Option copying from server, not advised.

We create the folders and copy the binaries from the server.

mkdir -p /opt/sge/fmrilab
chown -R sge /opt/sge/fmrilab
scp -pr soporte@hahn:/opt/sge /opt/sge
cd /opt/sge

Configure exec client. I tried running ./install_execd directly, but it complained about not finding the binaries (which were there, by the way). So I compiled it within the client. This is quick.

cd /home/inb/soporte/sge
cmake --install build

It did complain at the end about some write permissions for soporte's home, but it seems to have done the trick.

details>

ℹ️ Sourcing /opt/sge/fmrilab/common/settings.sh changes the user's PATH to point to the binaries we installed, so I will need to add this to each user's profile. Update: I put it in $FMRILAB_CONFIGFILE, which every user runs upon login. Nice!

Configuring queues

This is done in the server hahn.

Create a queue with qconf -aq, modify an existing one with conf -mq.

sudo su
source /opt/sge/fmrilab/common/settings.sh
qconf -aq all.q

Add the host to the second line, hostlist.

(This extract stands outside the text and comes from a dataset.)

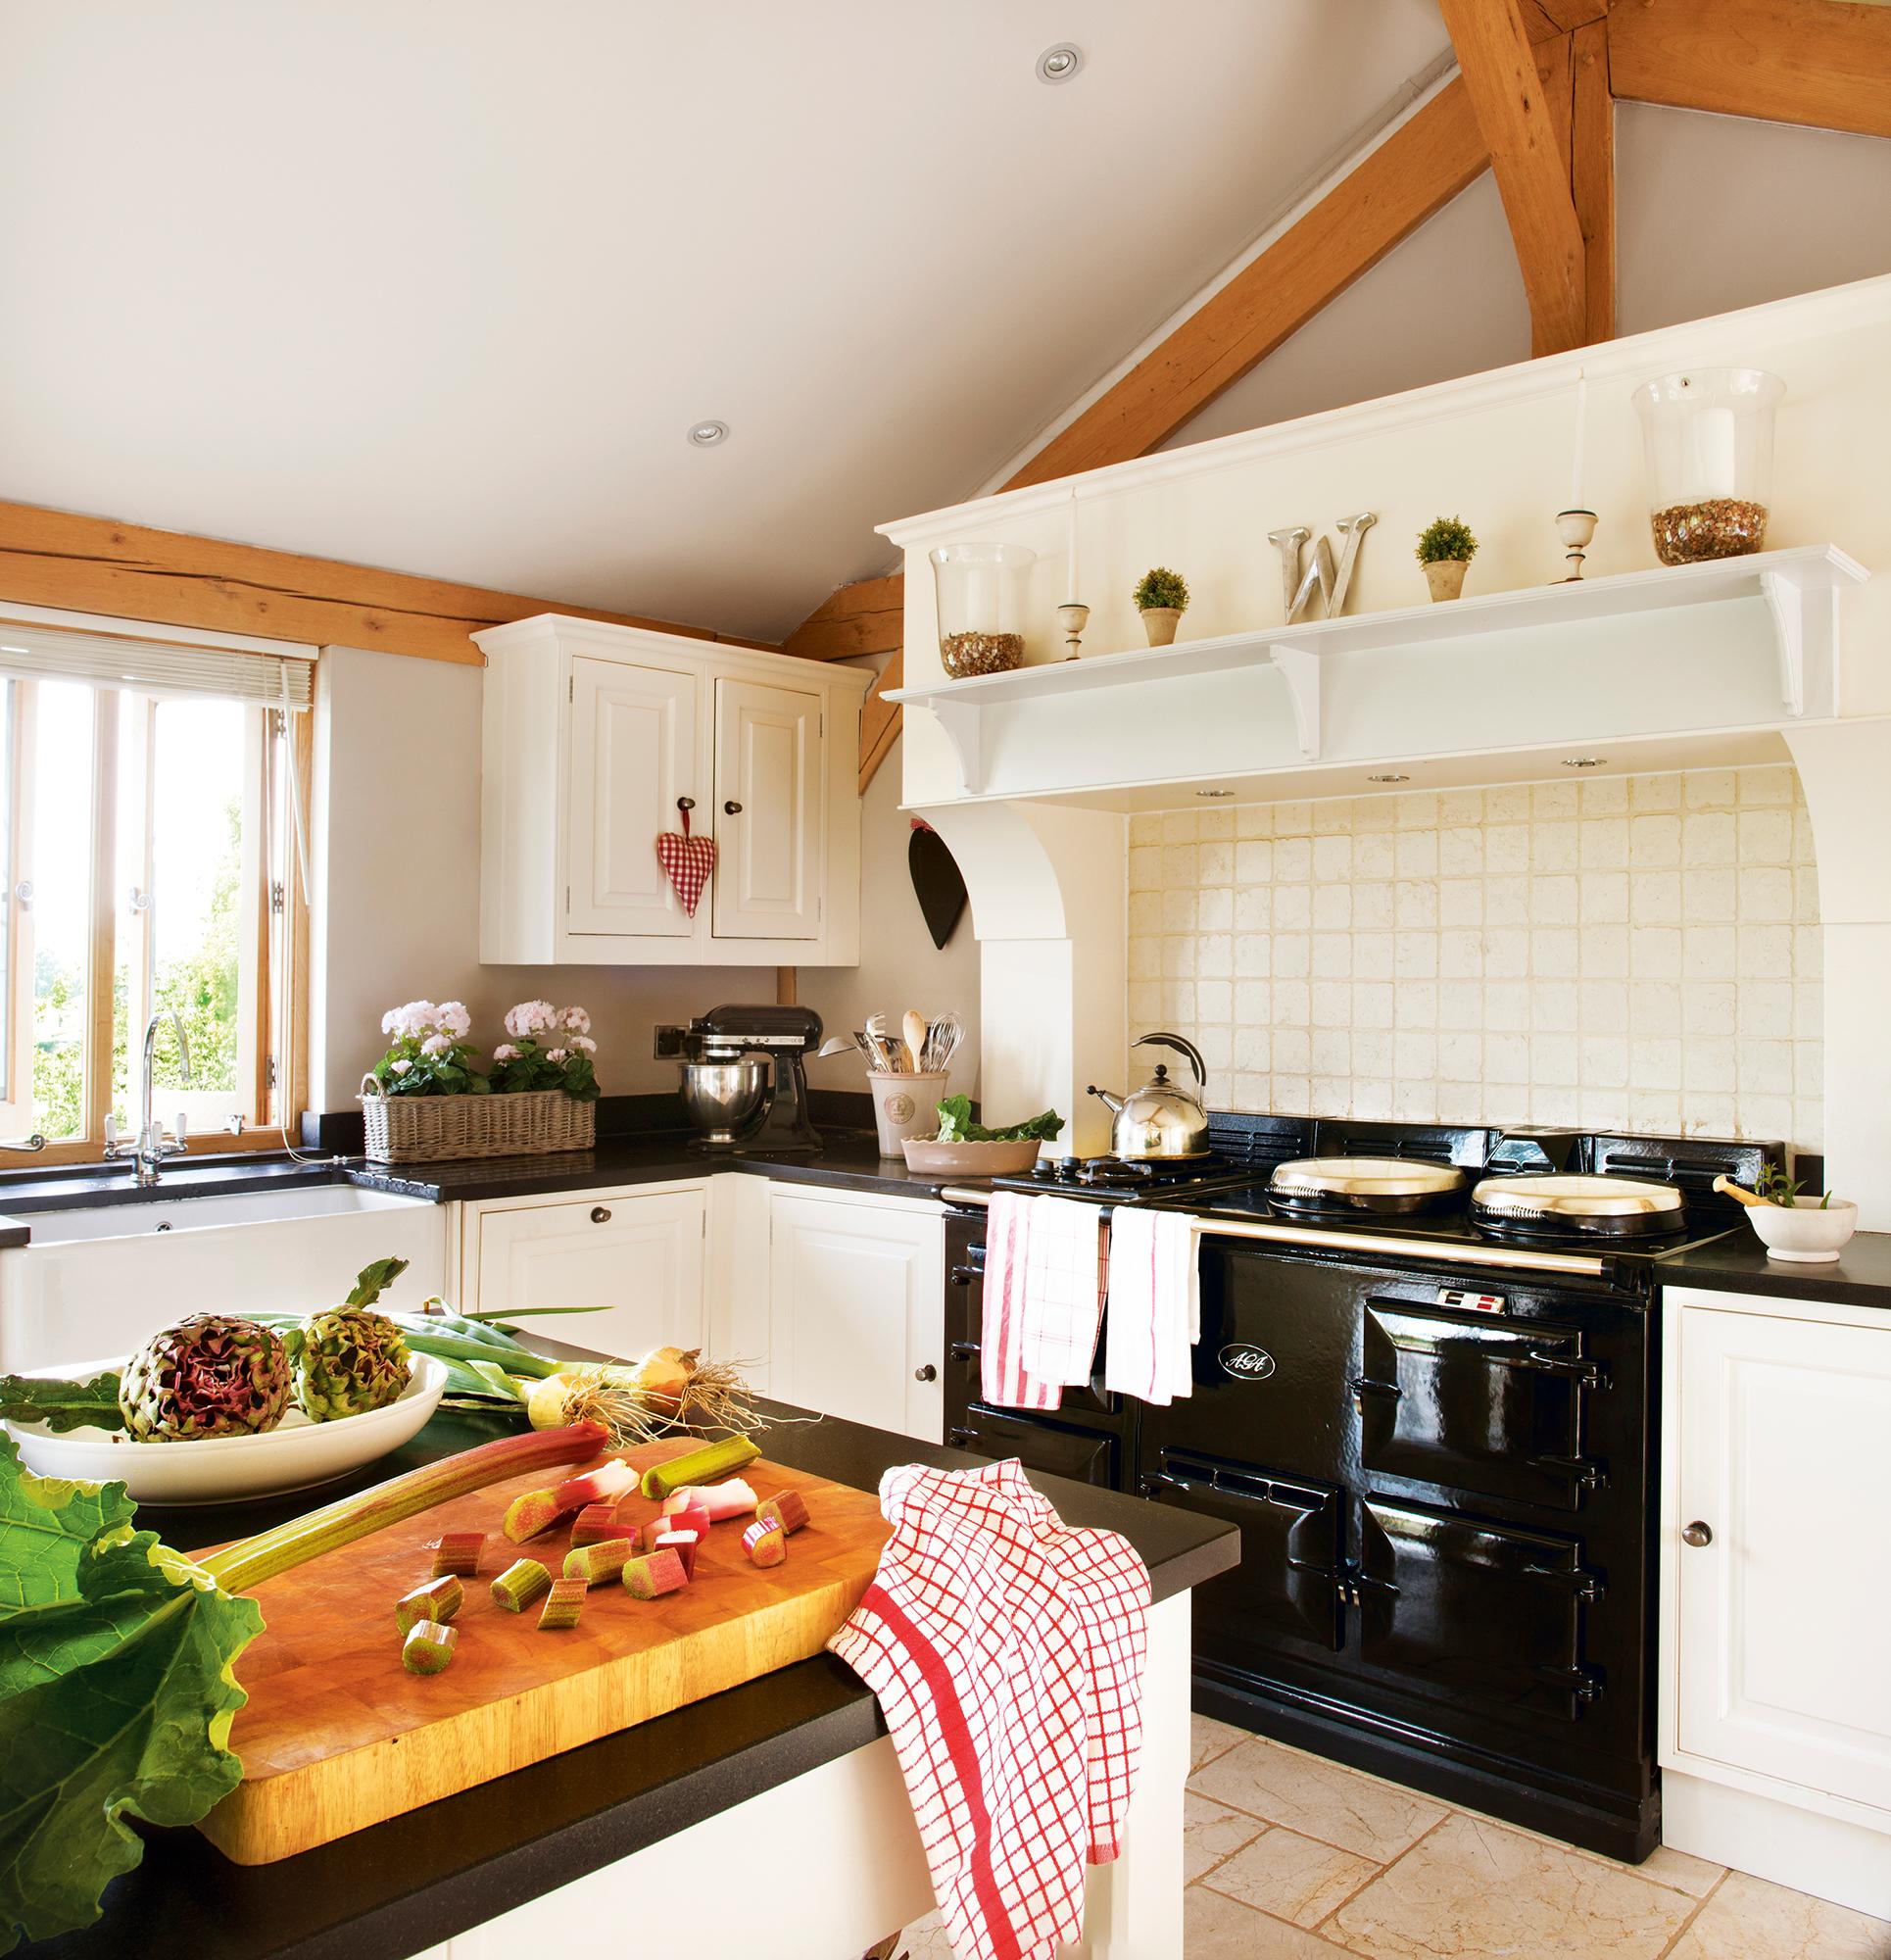 Cocinas muebles decoraci n dise o blancas o peque as for Cocinas de campo
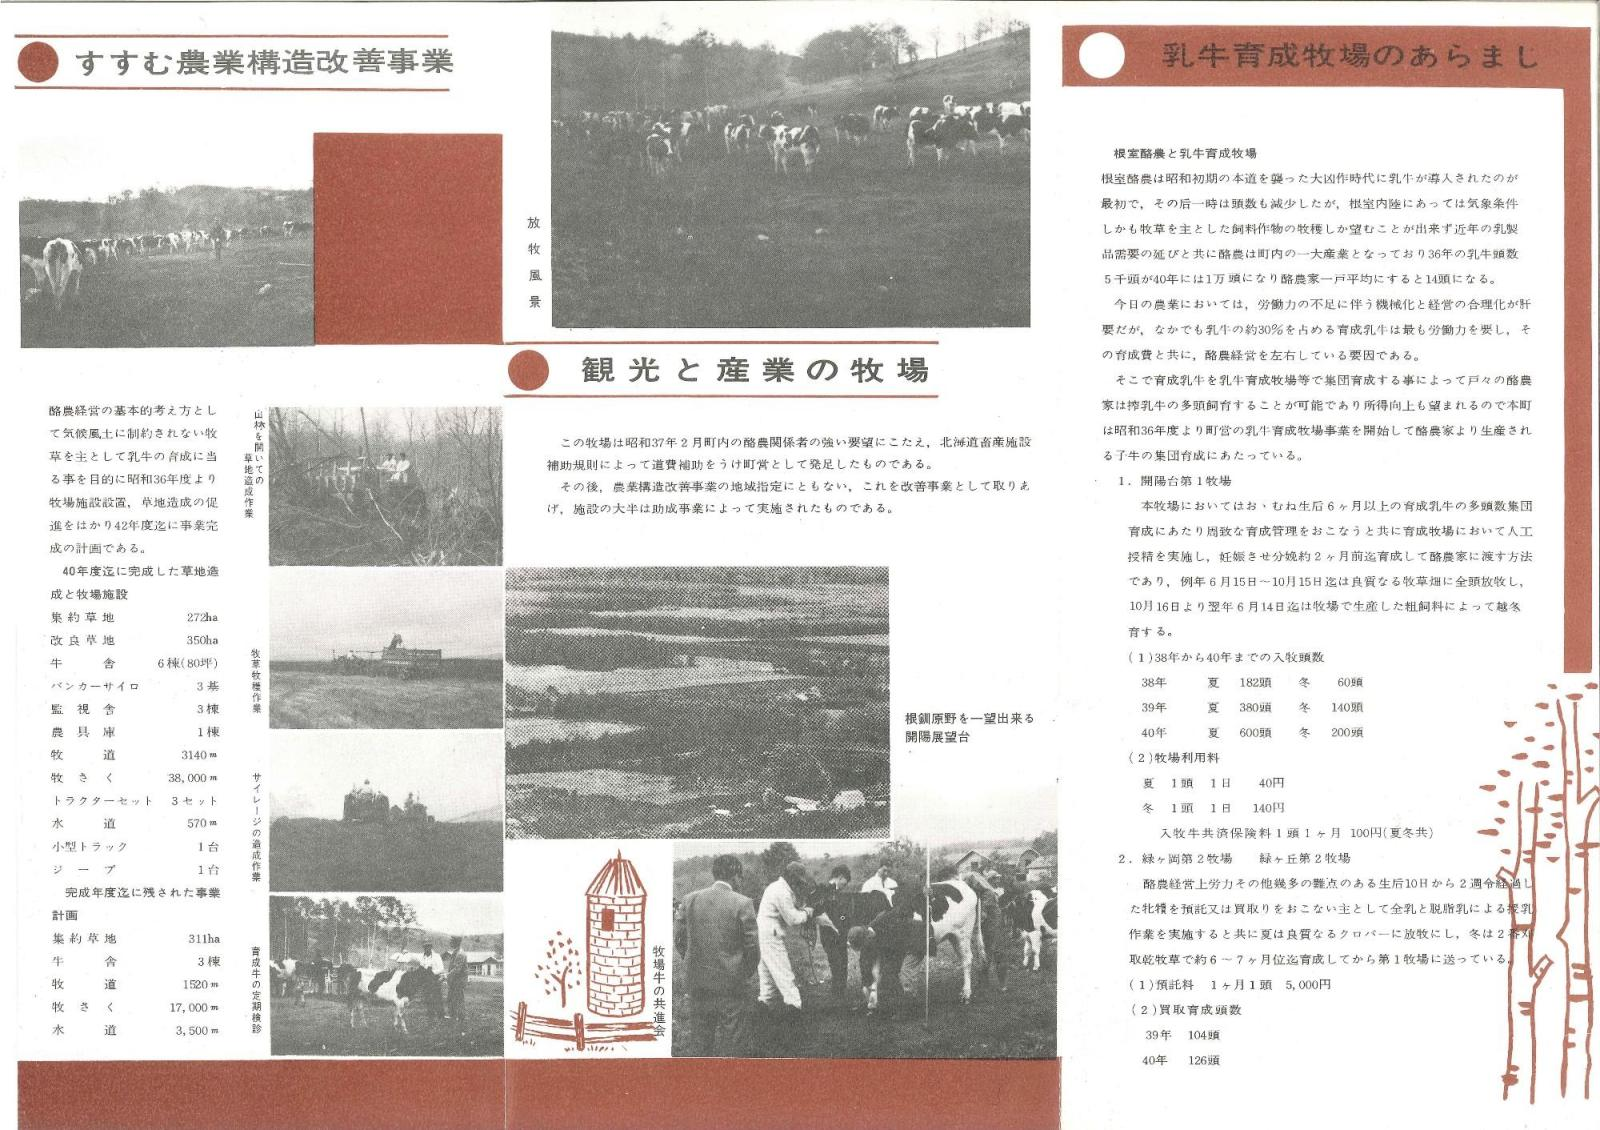 2013年3月28日(木):久々の雨[中標津町郷土館]_e0062415_19361479.jpg

Add the exec client to the hosts group: If the host group does not exist, use qconf -ahgrp @allhosts. If it already exists, use:

qconf -mhgrp @allhosts

and add it to the second line.

Add the new host as a submit and exec host:

qconf -as NEWHOSTNAME
qconf -ae NEWHOSTNAME

and change its max number of slots to nproc-1:

qconf -aattr queue slots "[NEWHOSTNAME.inb.unam.mx=7]" all.q

After that, qstat -f should show it in the list!